External parties perform these interactions via its public identity. The identity and state is temporary in nature as it represents a process, it only needs to be maintained for as long as the process is running or any dependencies that might await its completion (with the same caveat of keeping state around for observability and auditing). The process self-terminates when it reaches the end of its main function.

Example: A loan application workflow orchestrates multiple steps: credit check, document verification, risk assessment and a manual approval. While running, via secondary functions, a customer service agent can query its current progress, cancel it, or an external approval can update its approval status. It has an execution ID (like loan-app-12345) that need only exist while the loan application is being processed. Once complete, the execution terminates and the ID becomes historical.

Actor

An actor is a long-lived stateful object with a persistent identity that identifies it as a “thing”. It offers one or more functions and executes function invocations one at a time, updating its state and/or executing side effects. Due to its unbounded lifetime, it must be explicitly deleted. As long as the actor exists, it can be addressed, interacted with via its functions, and its state can evolve.

Fig 6. An actor offers multiple functions for state mutations and reactive logic.

Example: A shopping cart exists as a durable entity with a persistent key (like cart-user-789). Customers can add items, remove items, or view contents through function calls, even across multiple web sessions spanning days, weeks or months. The cart lives on independently of any particular execution. It continues to exist until explicitly deleted or garbage collected, maintaining its state between interactions.

Concurrency

Instances of each can be triggered (created) concurrently, but the concurrency model of each running instance is different:

  • Stateless Function: Although many stateless functions may run in parallel, each individual execution is driven by the DEE as a single-threaded control flow, replayed and advanced as if it were invoked only once. The function may use internal concurrency, but its durable control flow is never executed concurrently with itself.

  • Session: The session’s main function is driven forward exactly like a stateless function: single-threaded durable control flow with no concurrent re-entry.
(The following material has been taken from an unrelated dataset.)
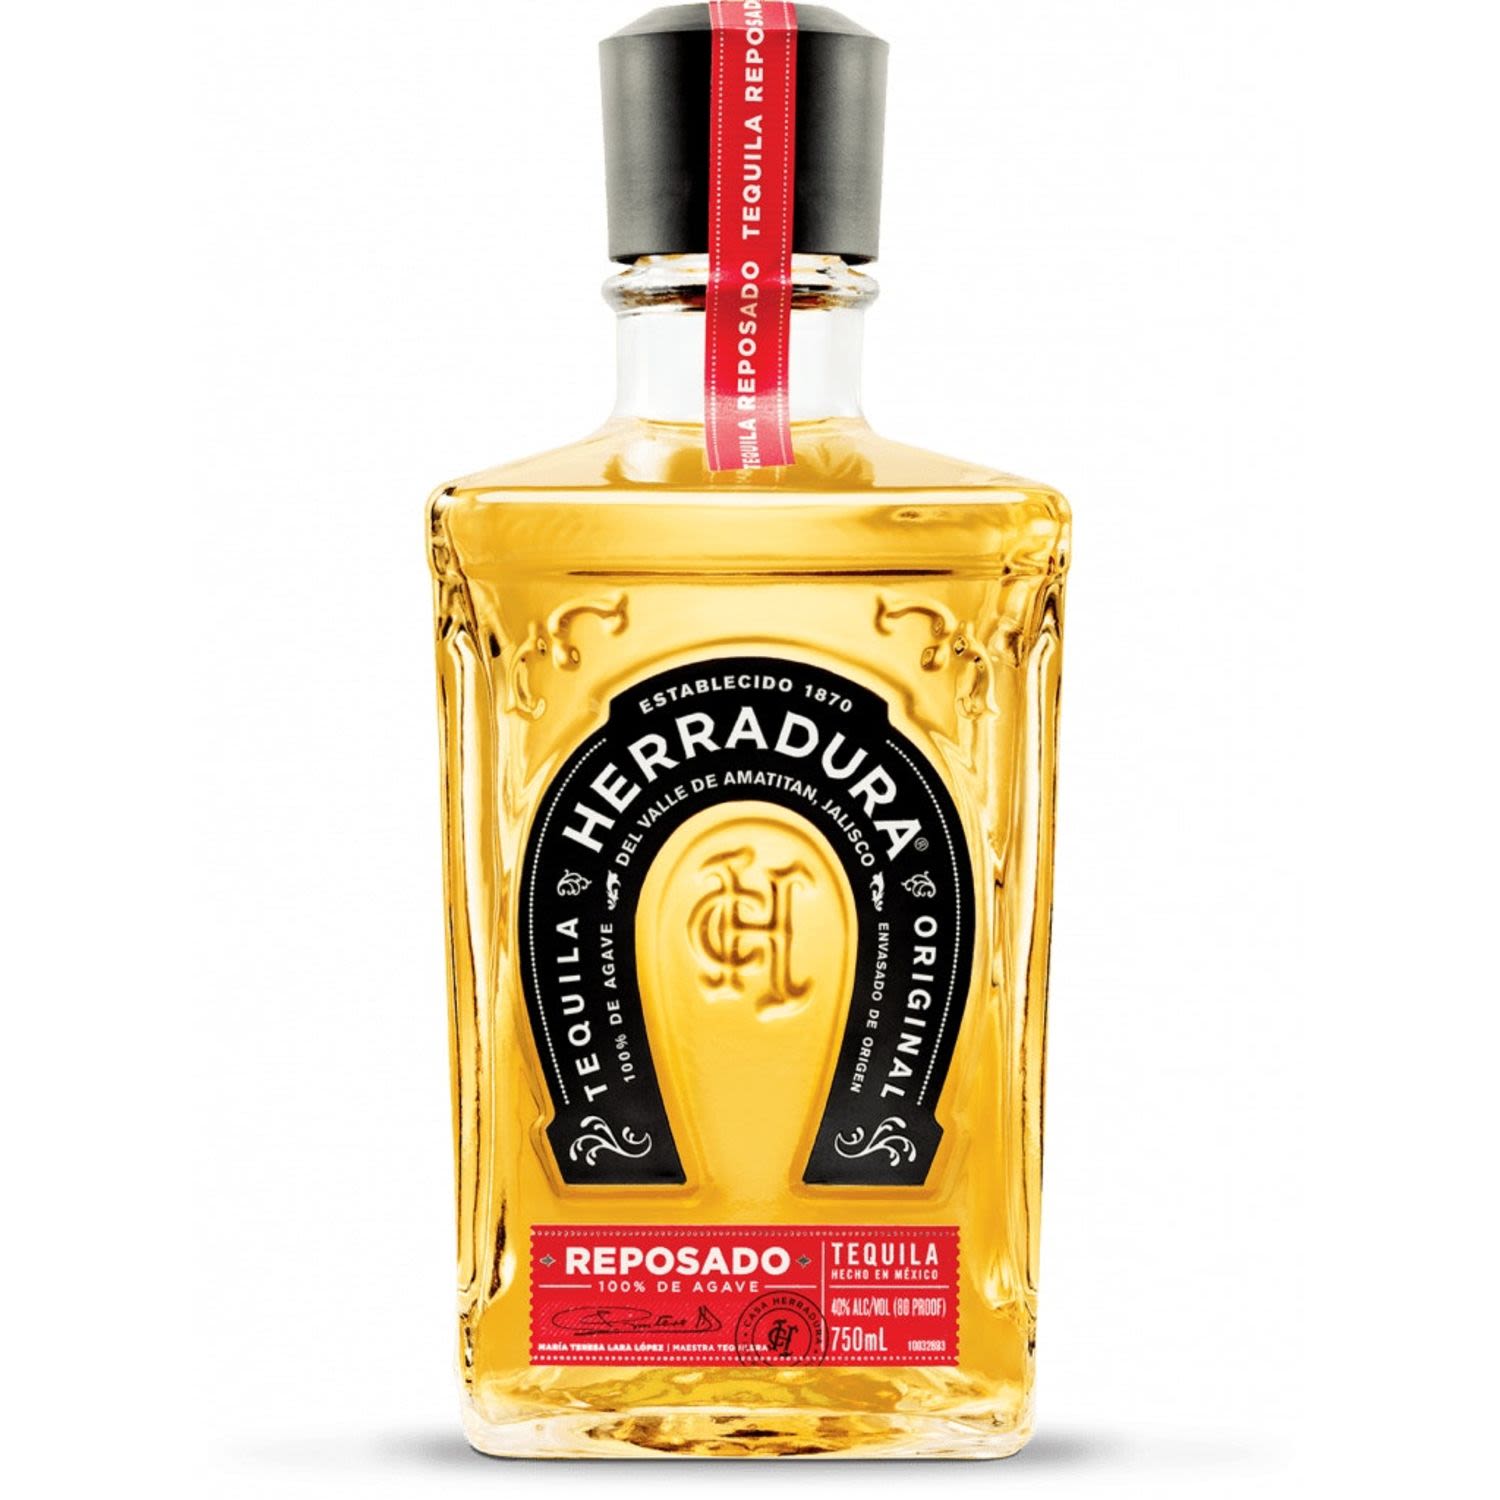 The Original Reposado. Tequila Herradura introduced the world to Reposado in 1974 and has been setting the standard ever since. Aged longer than industry standard for 11 months, Reposado has a rich amber color with notes of cooked agave, vanilla and butter. This additional time spent resting in charred American White Oak barrels creates a smooth, sweet finish with a slight taste of spice.<br /> <br />Alcohol Volume: 40.00%<br /><br />Pack Format: Bottle<br /><br />Standard Drinks: 22.1</br /><br />Pack Type: Bottle<br />

However, a session can receive concurrent external interactions (via secondary functions), which are processed at defined suspension points (see the durable function tree post).

  • Actor: The functions for a given actor (identified by its key) are executed serially (across the functions). This corresponds directly to the actor mailbox model, ensuring single-threaded mutation of the actor’s state. As such, each function execution should be short-lived.

Durable function trees with mixed forms

In The Durable Function Tree  I explained how durable execution tends to form trees where functions call functions. Now imagine a durable function tree where any function in the tree could be any of these three forms.

Session: CarRentalWorkflow
  ├─ Stateless Function: ValidateCustomer
  ├─ Actor: Car (key: car-789)
  │   └─ function: hold(startDate, endDate, holdPeriod)
  ├─ Stateless Function: ProcessPayment
  └─ Actor: Car (key: car-789)
      └─ function: confirmReservation()

In this example, the car actor can use a durable timer to expire the hold on the car. It does not only require external parties to drive its behavior.

Seeing the tree as a mix of forms helps clarify the semantics:

  • Stateless functions perform one-shot logic

  • Sessions provide interactive orchestration

  • Actors represent long-lived logical participants that hold persistent state and process messages (or method calls) over an unbounded lifetime

Mapping Durable Execution Engines to the Model

This conceptual model is a guide. In reality there can be some ambiguity, especially between stateless functions and sessions. Whether a function is more stateless or interactive session-based one can depend on what features of the engine you use. 

Temporal

Temporal workflows are full-featured sessions with execution-scoped identity, with signals and updates for externally driven mutation and queries for state inspection. A workflow, like a loan application, can run for hours, days to months, with customer service agents sending cancellation signals or monitoring systems querying its progress. 

Activities, by contrast, are similar to stateless functions that execute side effects (API calls, database operations) and return results, with no mechanism for external interaction during execution. However, an activity is not directly invocable from the outside, so it is not a clean mapping to the stateless function concept.

Fig 7. A Temporal workflow as a session with the main function annotated with @workflow and secondary functions for interaction annotated with @signal.

Restate

Restate thinks in terms of services and handlers. There are three service types, which in turn have one or more handlers (functions/methods).

A Basic Service has one or more independent handlers, where each handler maps closest to the stateless function. Once invoked, a handler’s execution cannot be interacted with. The Service is a way of grouping related handlers together into one application.

Fig 8. A basic service with four independent handlers.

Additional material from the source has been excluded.